I’ve dealt with armed attacks on myself and clients/patrons in public and also in private and I am training tactics that rely on assertiveness with committed, controlled aggressiveness and intimidation! That’s how I am, I made up my mind in the beginning that I refuse to be the victim!

As for Taiji, if you train push hands you learn to move/deal with any line of force/tension and or ‘energy’ (without being cosmic about it, let’s just say ‘gravity’).. So the expression of the ‘technique’ is irrelevant if you are truly ‘listening’.. not waiting but LISTENING (what you technicians like to refer to as ‘ting-jing’) which is making use of your hightened sense of awareness to expand that awareness through your own structure and into your opponents.. Now, I know I’m probably loosing more than half the people reading this by now so I can go back to being gutter mouthed sharp shootin’ Aussie! It’s simple: Control yourself and you can control your opponent (if you TRAIN how to).. knowing how is one thing but maintaining your skills and awareness levels is another thing! In short Taiji has helped me BIG TIME in shooting, grappling and restraining, contain & removal in the field; Simply because you train to deal with anything in an instinctive, natural/fluent and appropriate manner! The biggest misconception about taiji is that it’s some sort of spiritual cosmic bull shit and that you need to try and be more asian then the next fella to be able to do it/teach it. I stopped wearing the pajamas (guilty but I admit I once did, come on.. we were all brain washed at one point lol) once I started push hands and found that it saved my arse more than a few times in the field wearing gear and all!

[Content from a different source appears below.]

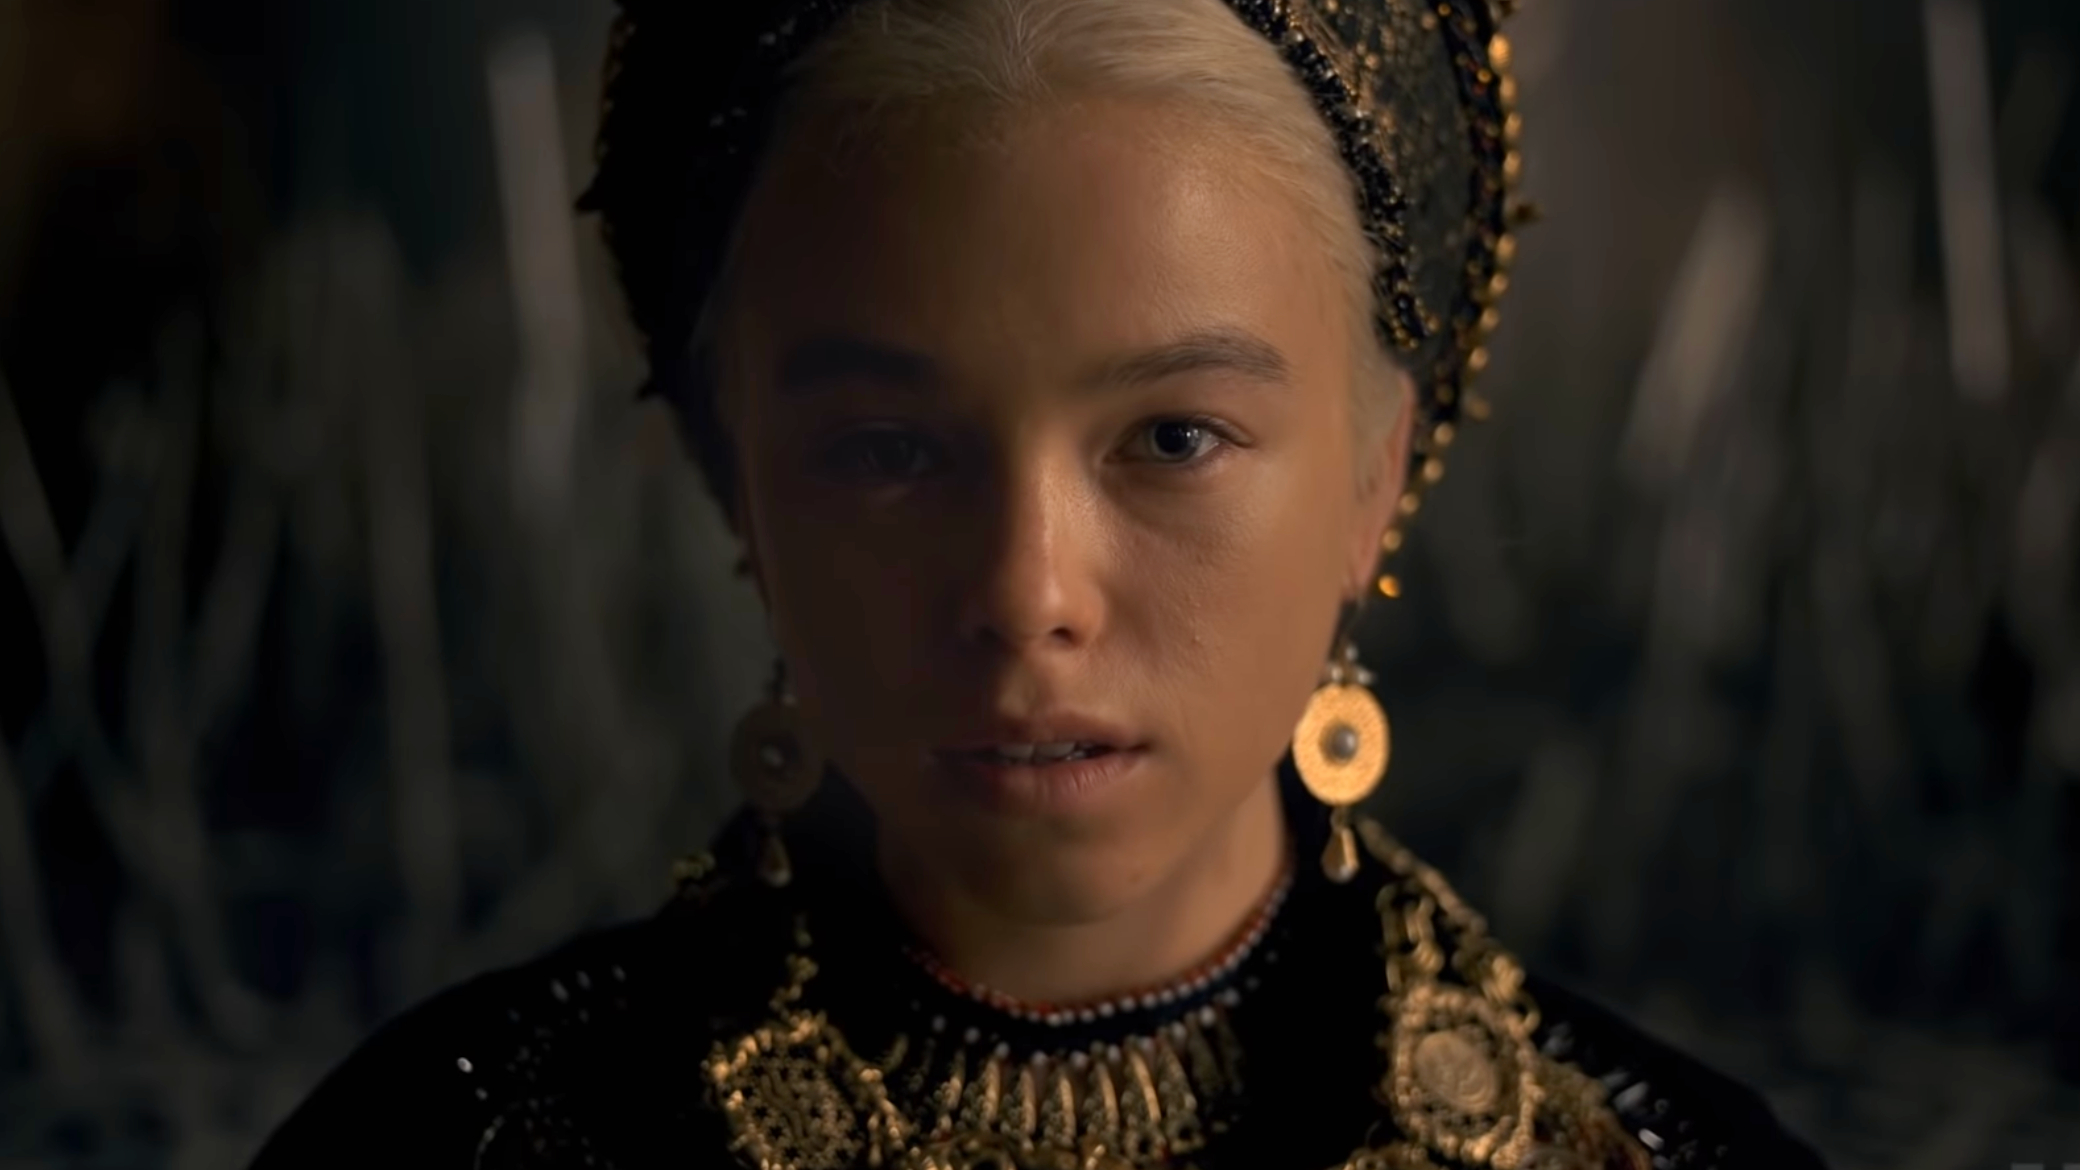 Milly Alcock as as Princess Rhaenyra Targaryen in "House of the Dragon."

What is one of the hardest things to teach (in your opinion)?

Kids classes!

hahaha, I’m a parent my self so I’m very passionate about kids becoming self reliant and making the right choices in life and of courses making their personal security a priority a long with training self protection (self defense is just not being pro-active enough as they train to wait for the attacks). I started teaching in the year 2000 and I’ve found that doing kids classes is very rewarding and enjoyable but hard to maintain your personal life/space as parents try and get involved or try and get you involved in their shit fights etc.. it’s quite hard to maintain a balance sometimes..

The other hardest thing to share with people is Taiji, it really just takes patience and commitment like no other art, but the mental, emotional and of course physical benefits are like no other.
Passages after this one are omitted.